Background: This Phase I study compared the pharmacokinetic (PK) and pharmacodynamic (PD) similarity of GP2411 proposed denosumab biosimilar to reference denosumab (a monoclonal antibody for specific pro-resorptive conditions).
Research design and methods: Healthy males (28-65 years, 50-90 kg) were randomized to a single sub-therapeutic subcutaneous injection of 35 mg GP2411, EU-Xgeva® or US-Xgeva®, and followed for 39 weeks. The primary endpoints were AUCinf, AUClast, and Cmax.
Results: Four hundred ninety-two participants completed treatment. The 90% confidence intervals (CIs) (AUCinf, AUClast, and Cmax) and 95% CI of the geometric mean ratios of AUEC of % change from baseline in serum CTX were fully contained within the prespecified equivalence margins (0.80, 1.25), demonstrating similarity. The occurrence of treatment-emergent adverse events (TEAEs) with GP2411, EU-Xgeva® and US-Xgeva® was similar (72.9%, 76.0%, and 71.0% of participants, respectively). Most were Grade 1 or 2, <30% were treatment-related, and there was only one TEAE-related study discontinuation. Rates of positive anti-drug antibodies (ADAs) were similar (57.8%, 64.9%, and 69.1% of participants respectively), but immunogenicity was only borderline detectable and of very low magnitude. Ninety-nine percent of positive ADAs were transient.

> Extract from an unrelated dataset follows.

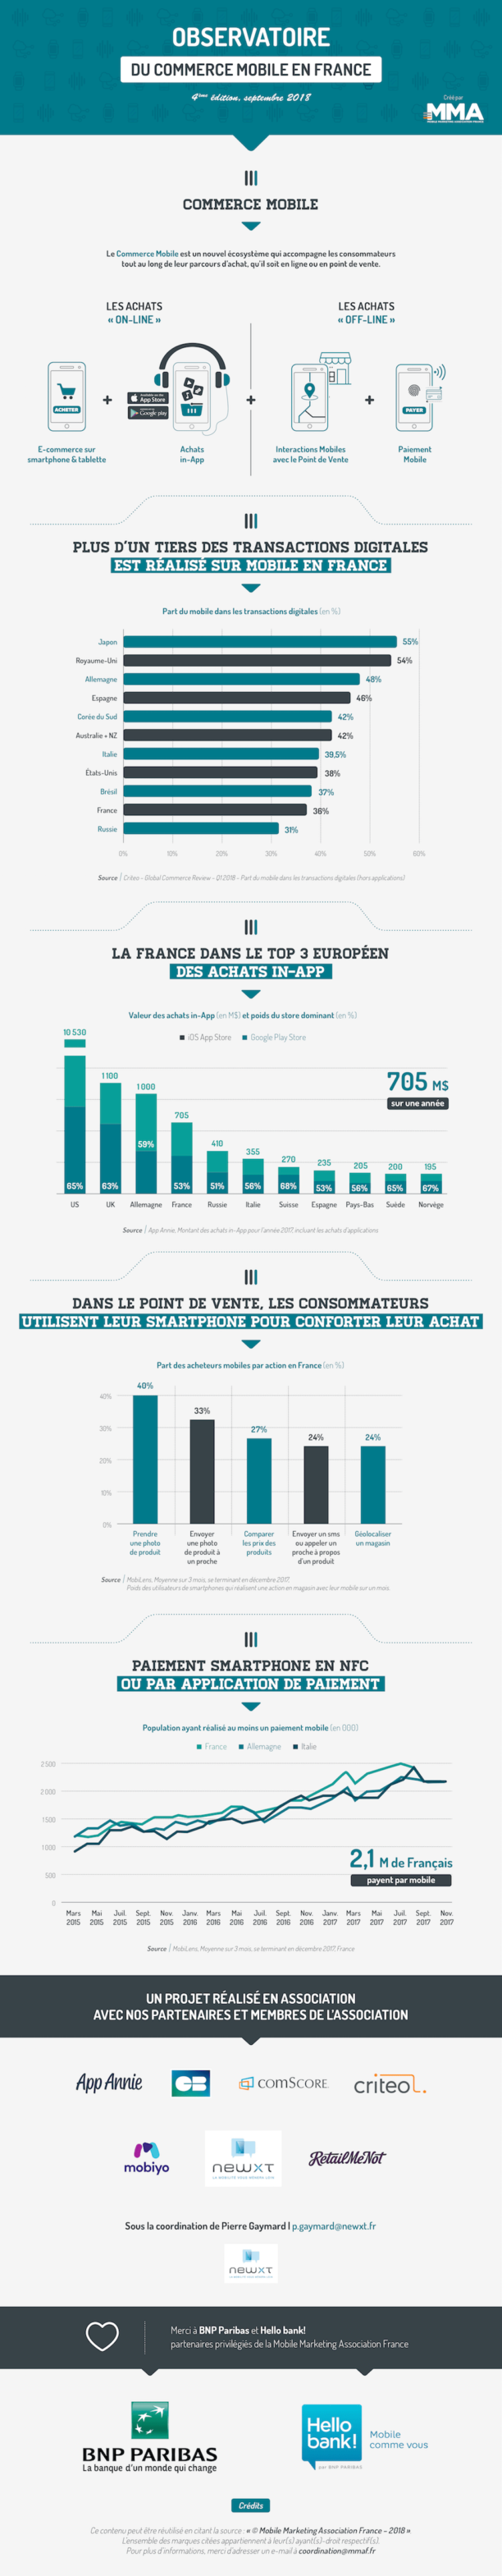 infographie-mobile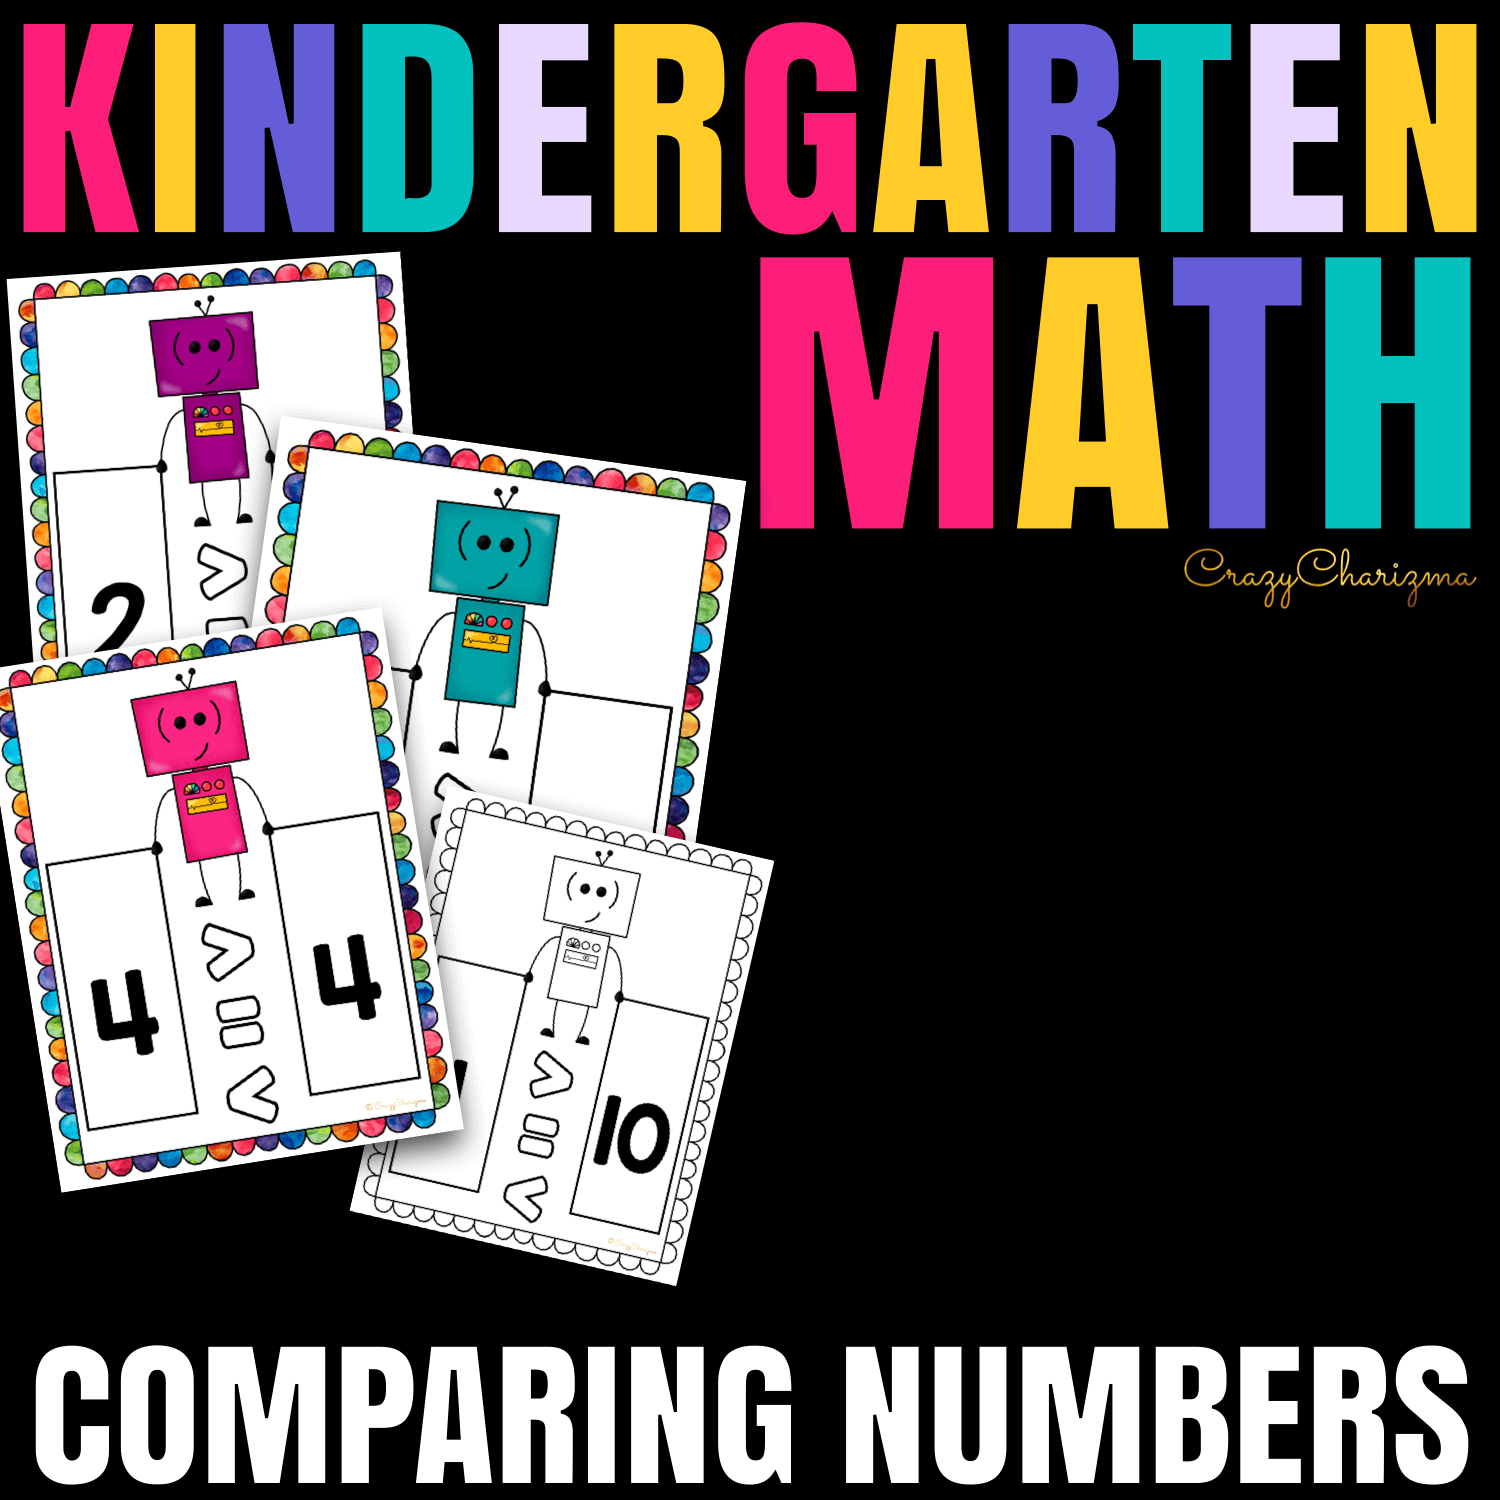 Practice comparing numbers to 10 with these bright and engaging math centers. A black and white version is also included.

Conclusion: GP2411 demonstrated similarity with EU-Xgeva® and US-Xgeva® in PK, PD, safety, and immunogenicity in this population.
Clinical trial registration: EudraCT 2019-001651-39.
Keywords: Biosimilar; GP2411; denosumab; immunogenicity; pharmacodynamics; pharmacokinetics; phase I; safety.
Denosumab is a biological treatment that inhibits bone degradation. It is very effective in conditions characterized by elevated bone degradation, such as osteoporosis in women who have gone through the menopause, and in the treatment of specific bone cancers. However, the cost of the original patented denosumab (‘reference denosumab’) treatment may result in fewer eligible patients receiving denosumab treatment. A biosimilar is highly similar to the original treatment but at a lower price, enabling more patients to benefit.GP2411 is being developed as a proposed biosimilar to denosumab. This Phase I clinical trial was the first clinical trial to compare GP2411 to the EU and US versions of the reference denosumab (EU-Xgeva® and US-Xgeva®). All three products were given at a dose of 35 mg to 502 healthy males. The dose was lower than the dose that would be used in clinical practice to provide a more sensitive evaluation of similarity. Healthy males were chosen because they have fewer hormonal fluctuations than females, and are considered the most appropriate population for detecting differences in pharmacological effects of denosumab.The results demonstrate that GP2411 proposed denosumab biosimilar is highly similar to the reference products in absorption, distribution, and elimination, and other outcomes, including bone turnover. The incidence of adverse events was also comparable, most adverse events were very mild, and GP2411 was not associated with a higher rate of immune reactions.These results support its continued development and GP2411 may, in future, enable more patients to benefit from denosumab treatment.